The Legal Realities Of U.S. Citizenship In Puerto Rico

By Dick Thornburgh

April 8, 2002
Copyright © 2002 The San Juan Star. All rights reserved. 

In his Viewpoint column of March 11, 2002, Guillermo Moscoso ably clarified the legal nature of U.S. citizenship in Puerto Rico. However, the discussion regarding revocability of U.S. citizenship deserves to be augmented and amplified.

Under the U.S. Constitution there are two ways to acquire U.S. citizenship. First, persons born or naturalized in the United States (defined by the U.S. Supreme Court for this purpose as the states of the union) acquire U.S. citizenship under the 14th Amendment to the Constitution. Second, under Art. I, Sec. 8, Cl. 3 of the Constitution, Congress may confer U.S. citizenship by statute on persons who do not acquire it automatically under the 14th Amendment (i.e. Americans born overseas or in a territory).

Congress cannot take away or impose conditions on the right to automatic 14th Amendment citizenship for persons born or naturalized in one of the 50 states. In contrast, Congress can make statutory citizenship conditional on qualifications such as a period of previous or even post-naturalization residence in the United States. The U.S. Supreme Court has ruled that Congress is not obligated to confer statutory citizenship, so it can be denied or revoked if statutory conditions are not met.

Both constitutional and statutory citizenship can be ended if renounced voluntarily and with the actual intent to become an alien, in compliance with federal law.

In the case of Puerto Rico, since 1917 Congress has conferred U.S. citizenship without any conditions other than birth in the territory. However, there is no doubt Congress could impose additional conditions if deemed to be in the national interest.

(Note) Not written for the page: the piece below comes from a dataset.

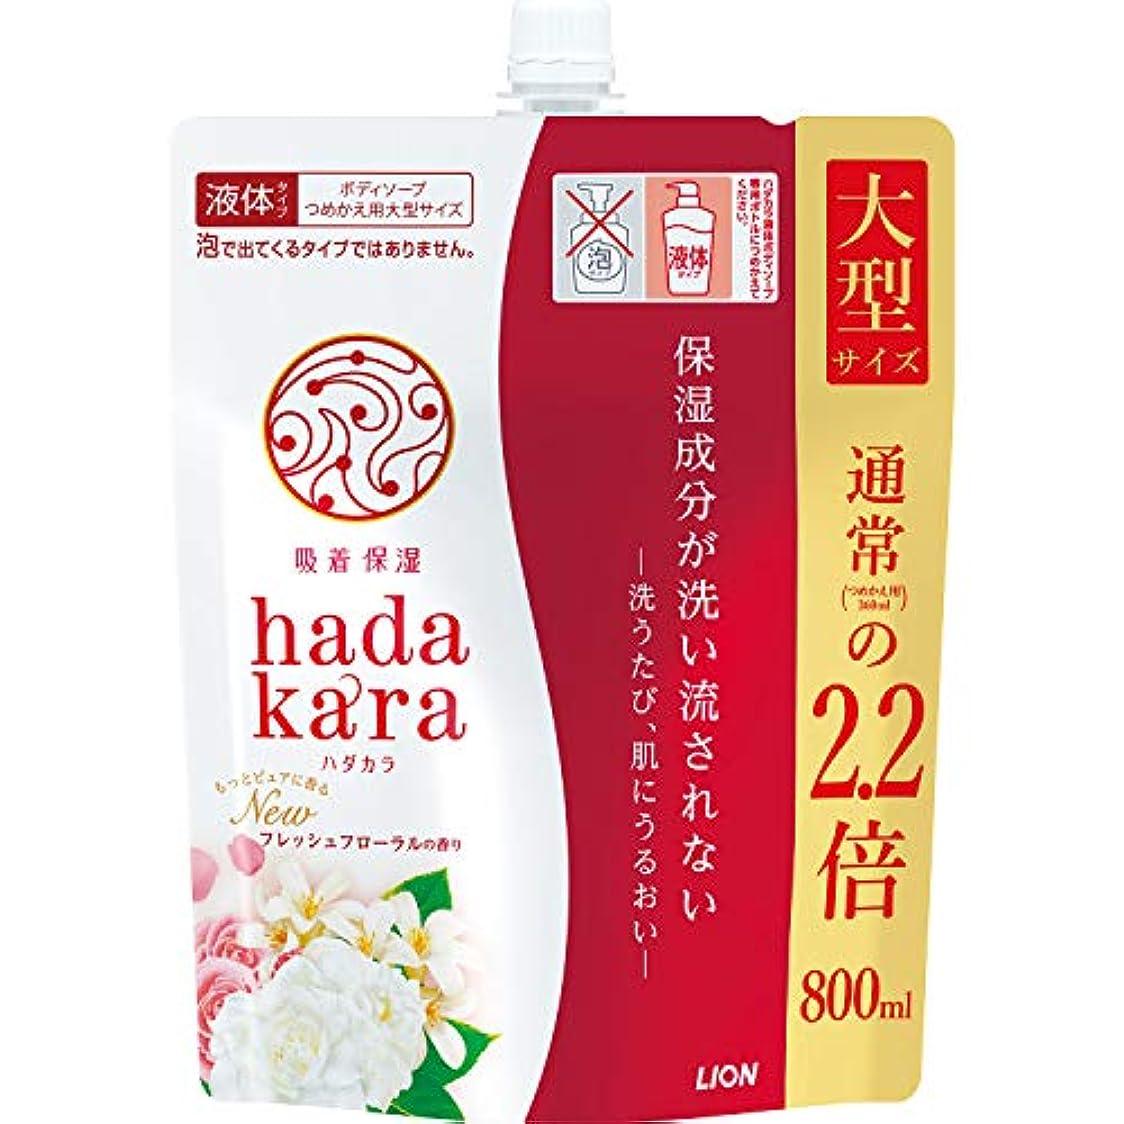 hadakara(ハダカラ) ボディソープ フレッシュフローラルの香り つめかえ用大型サイズ 800ml

Once conferred, statutory citizenship is constitutionally protected from unlawful infringement that violates "fundamental rights" such as due process. However, since the U.S. Constitution does not apply of its own force in Puerto Rico, the federal courts have upheld treatment of U.S. citizens in Puerto Rico differently than in the states.

In the case of Puerto Rico and other territories, relevant Supreme Court rulings and the record before Congress, including a series of legal opinions by the Congressional Research Service, lead to two conclusions regarding citizenship and political status resolution:

    It is within the power of Congress to require residents in a territory that acquires a non-territorial status other than statehood (i.e. nationhood) to make an election between U.S. citizenship and citizenship of the new nation.

n Where a former territory has been recognized legally as a nation, the eligibility of persons born there to seek naturalization or travel to the U.S. without a visa would be determined exclusively by Congress in the exercise of its powers over immigration.

So far, this discussion has concerned the acquisition and loss of U.S. citizenship by individuals born in Puerto Rico. As to Puerto Rico and its body politic collectively, the constitutional and legal analysis of citizenship is much less complicated:

n The current statutory policy conferring U.S. citizenship at birth in Puerto Rico with no conditions exists at the discretion of Congress, and can be ended or altered unilaterally at any time by amendment or repeal of the conferring federal statute.

n The federal statute conferring U.S. citizenship is not part of the Puerto Rico Federal Relations Act or the commonwealth system of territorial self-government, and approval of the commonwealth constitution does not bind Congress to continue the current statutory policy of unconditional conferral of citizenship in the future.

Those are the legal realties of U.S. citizenship in Puerto Rico that must be weighed in evaluating the advantages and risks of political status options that may – or may not – be available in the future. For a more detailed official legal analysis of these governing legal principles, see U.S. Congress, House of Representatives Report 105-131, Part 1, pp. 13-14, 35-39 (June 12, 1997).

* Dick Thornburgh served as Attorney General of the United States under Presidents Reagan and Bush, and is a former two-term Governor of Pennsylvania.